(Source records begins)

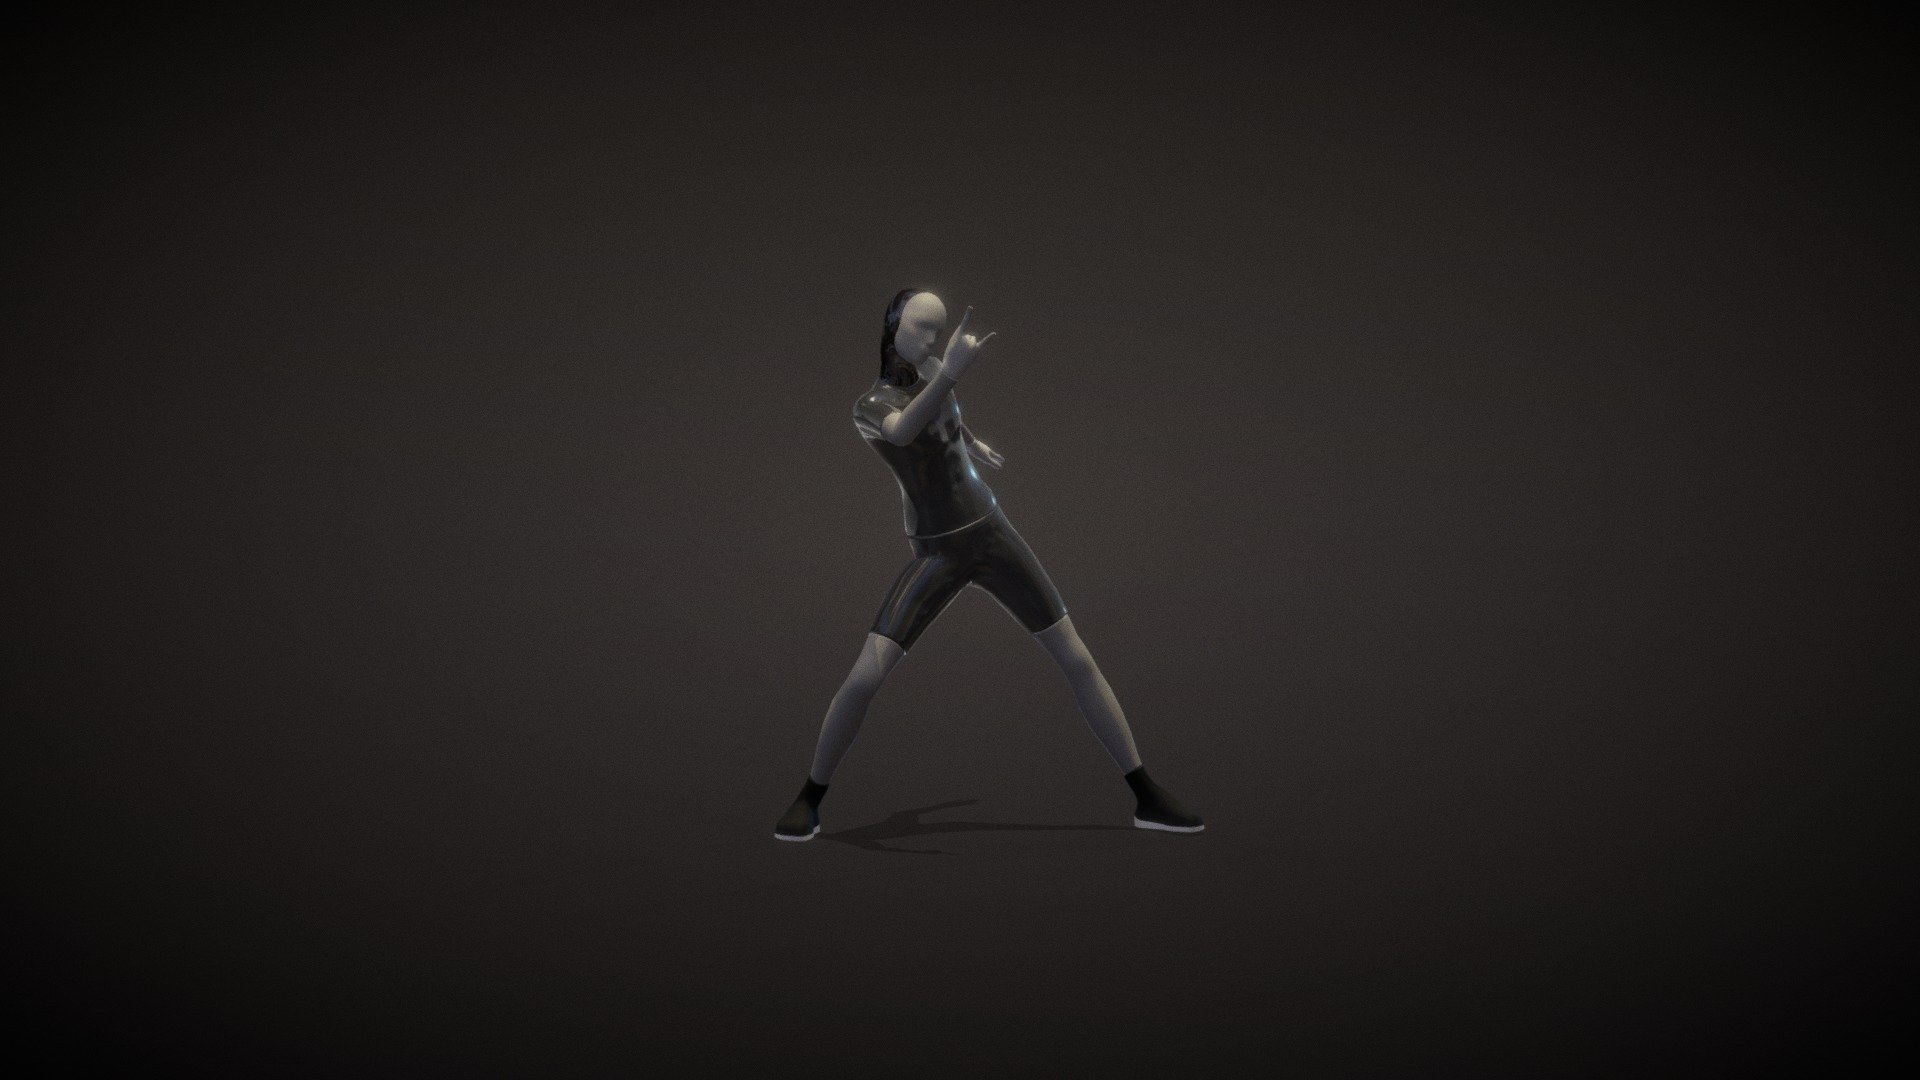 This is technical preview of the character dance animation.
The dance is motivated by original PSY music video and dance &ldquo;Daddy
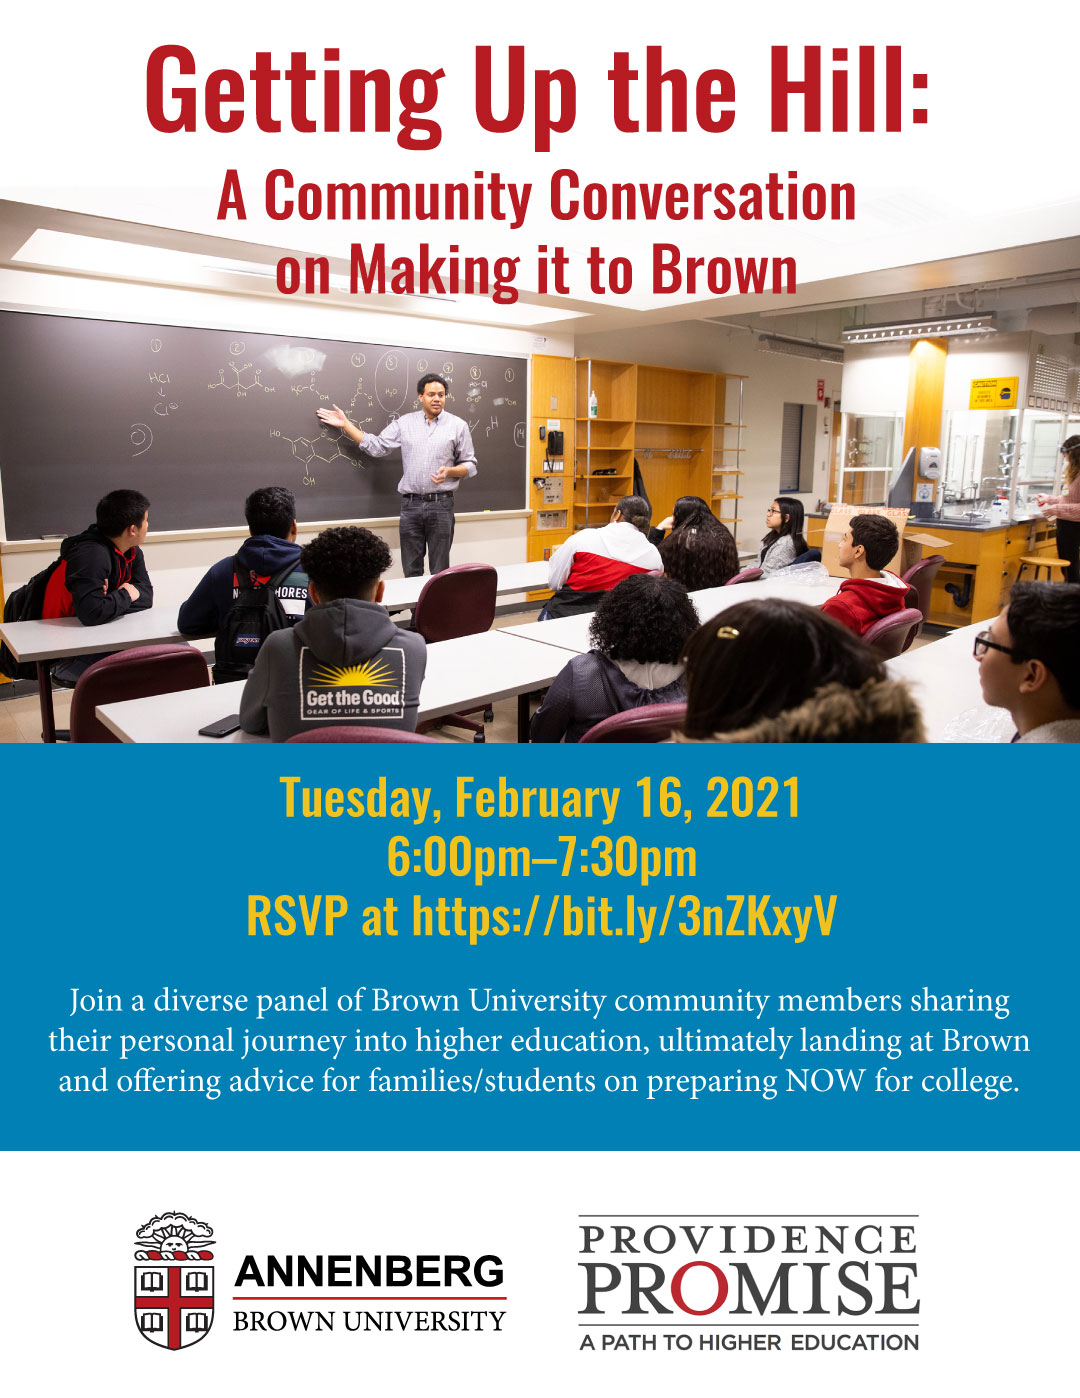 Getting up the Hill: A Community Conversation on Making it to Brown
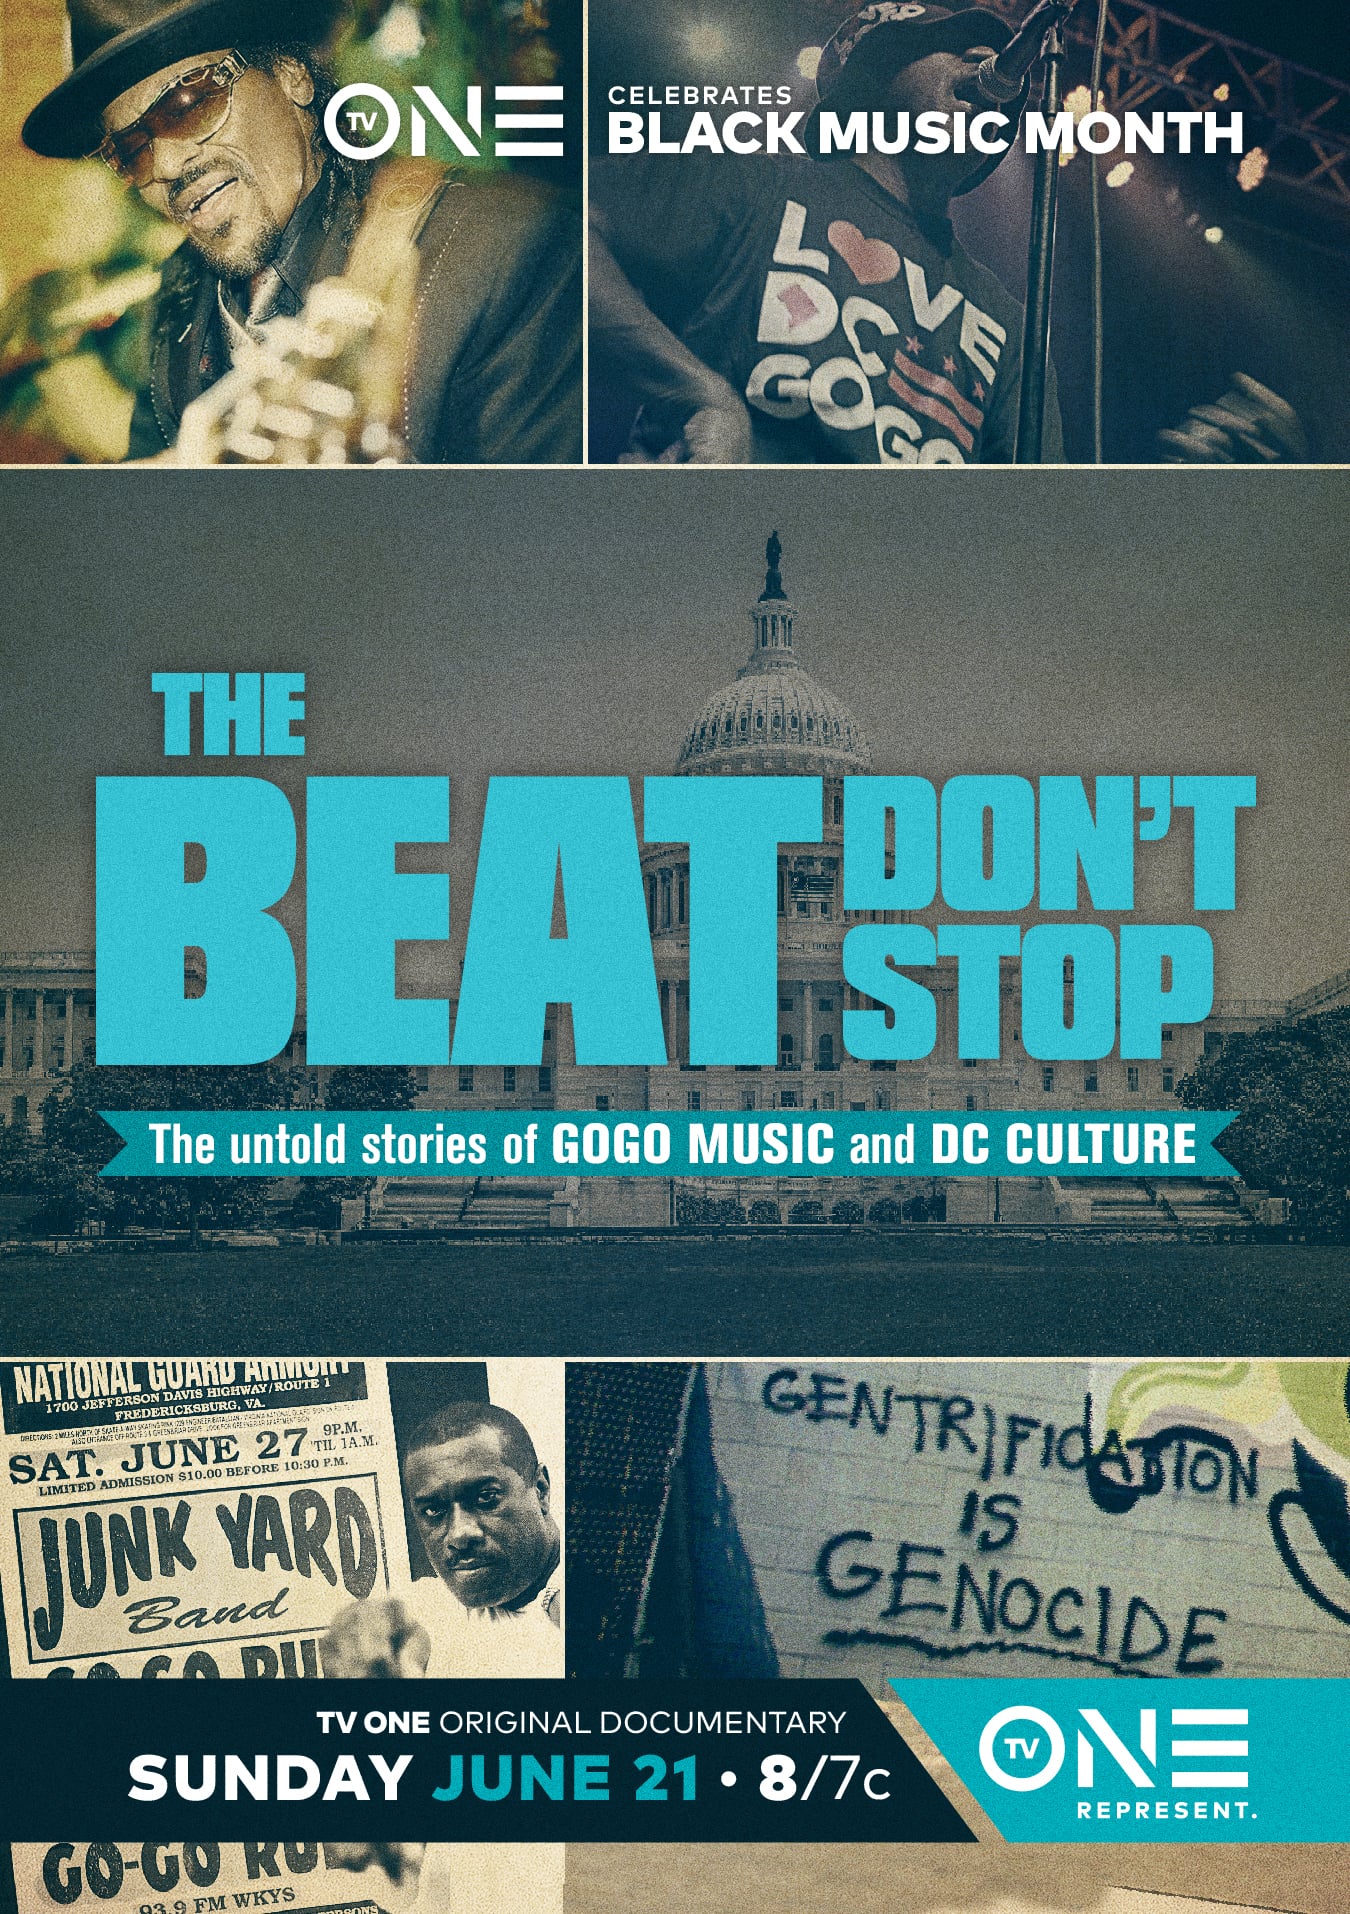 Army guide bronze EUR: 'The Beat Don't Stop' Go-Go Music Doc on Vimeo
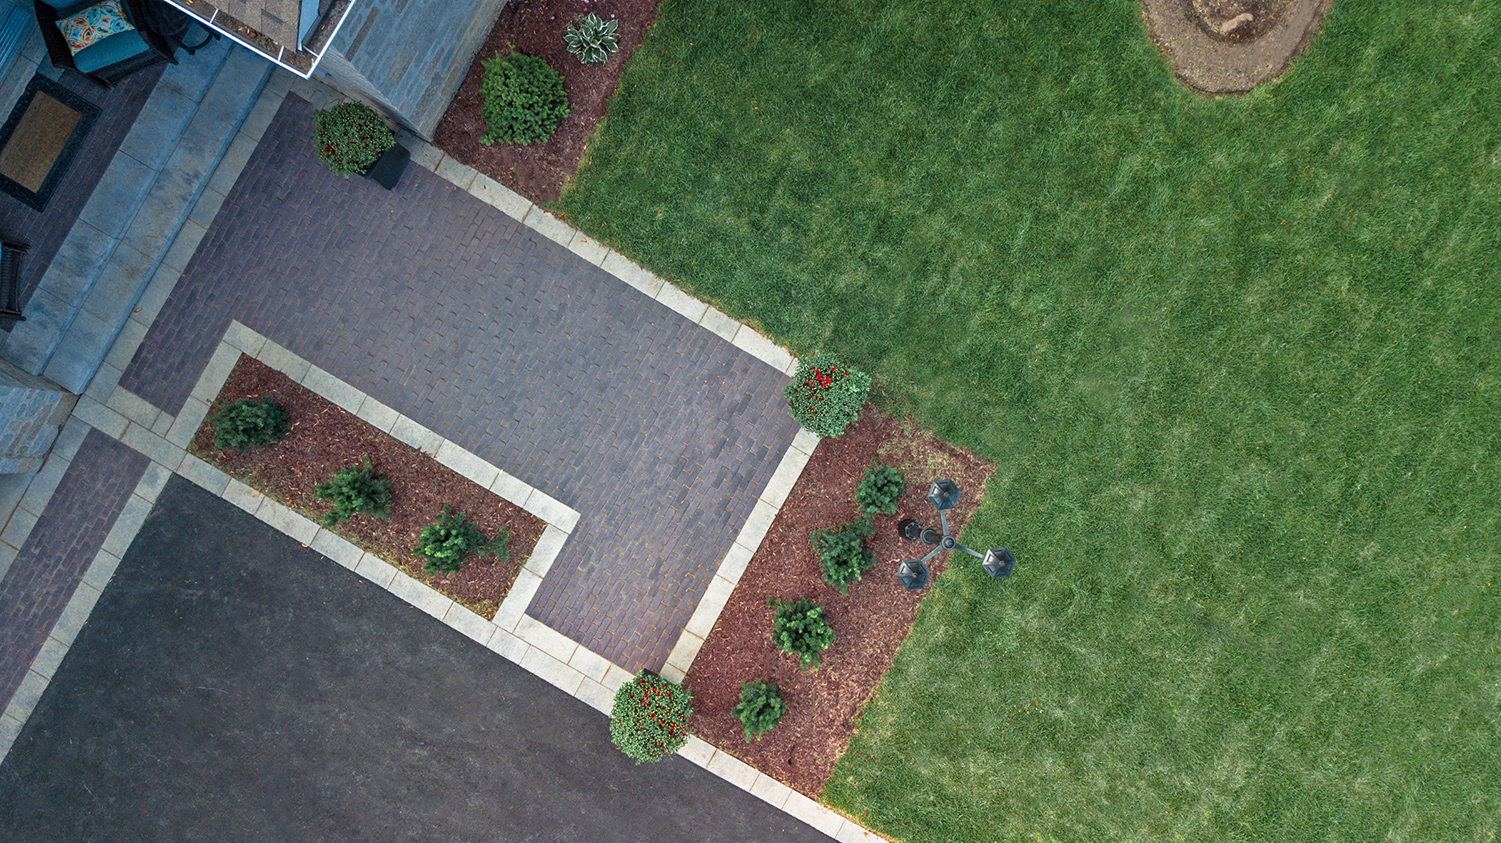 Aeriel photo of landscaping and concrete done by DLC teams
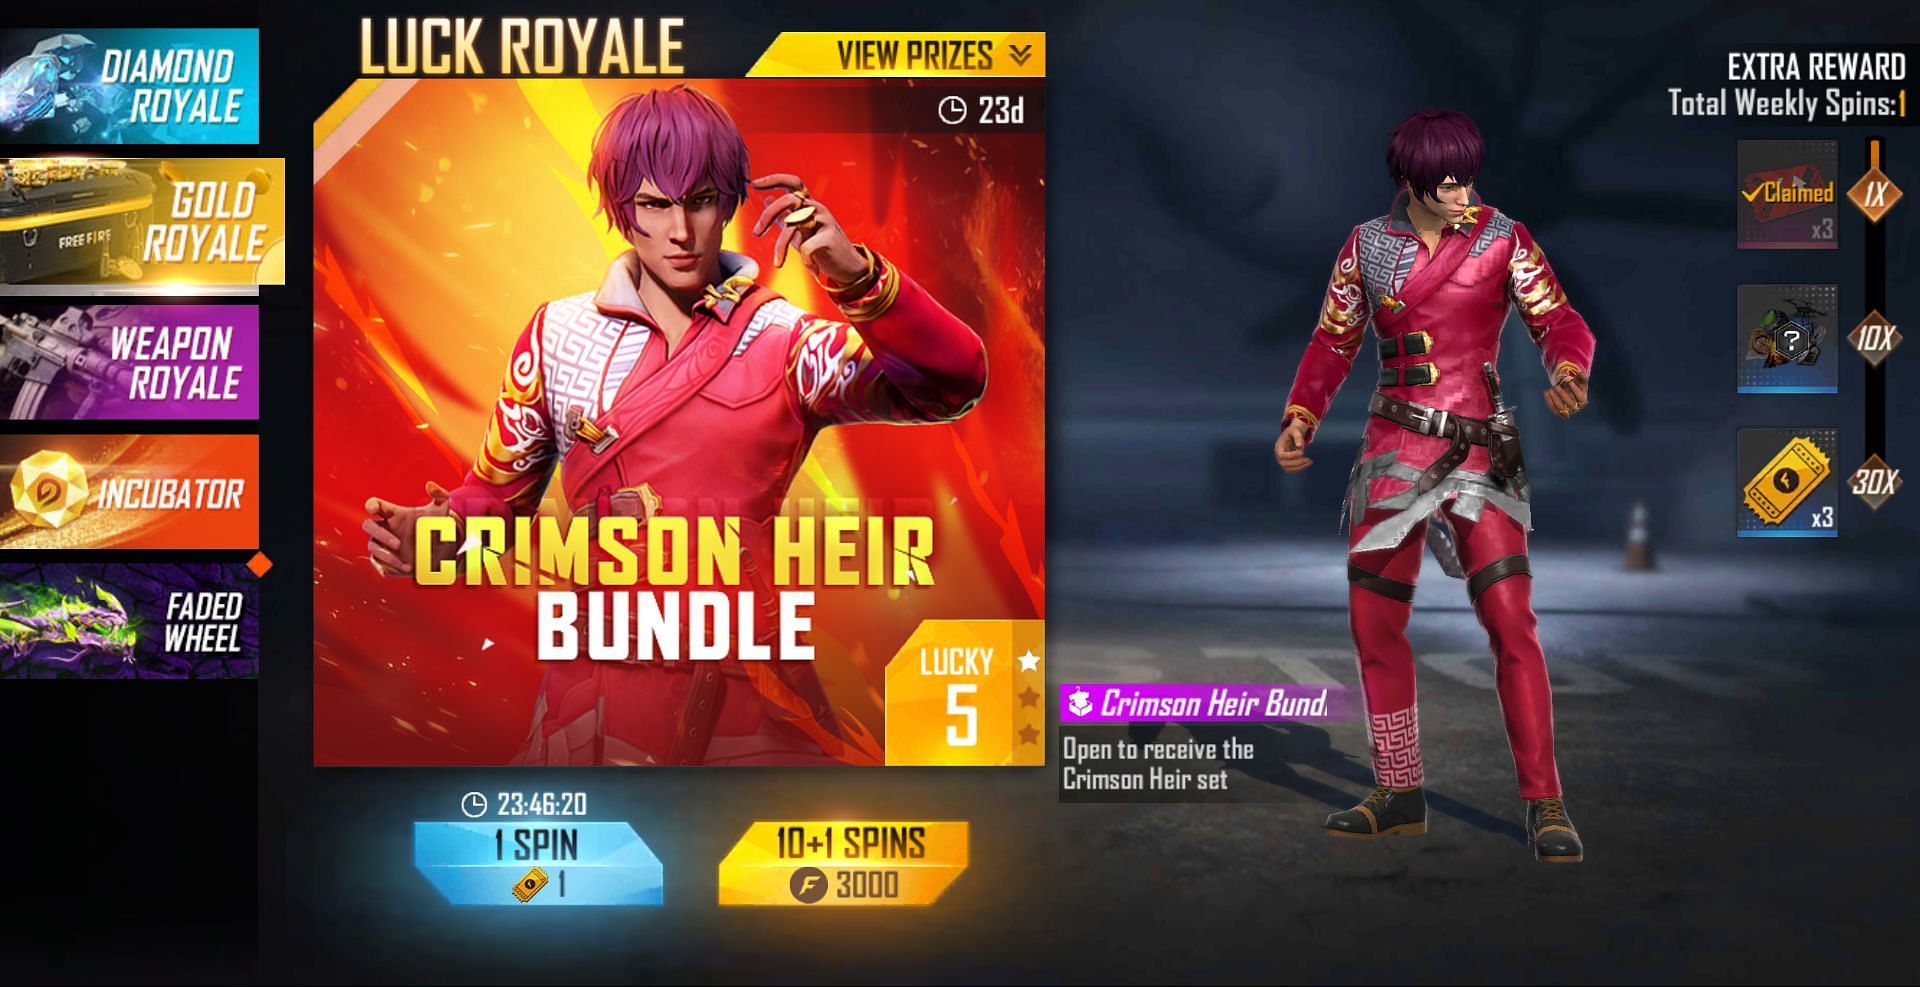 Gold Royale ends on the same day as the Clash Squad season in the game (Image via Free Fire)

(Source records ends)

→ **Brief**
The images are to be left out; every line above should be set down exactly.

→ **Written response**
 This is technical preview of the character dance animation.
The dance is motivated by original PSY music video and dance &ldquo;Daddy
 Getting up the Hill: A Community Conversation on Making it to Brown
 Army guide bronze EUR: 'The Beat Don't Stop' Go-Go Music Doc on Vimeo
 Aeriel photo of landscaping and concrete done by DLC teams
 Gold Royale ends on the same day as the Clash Squad season in the game (Image via Free Fire)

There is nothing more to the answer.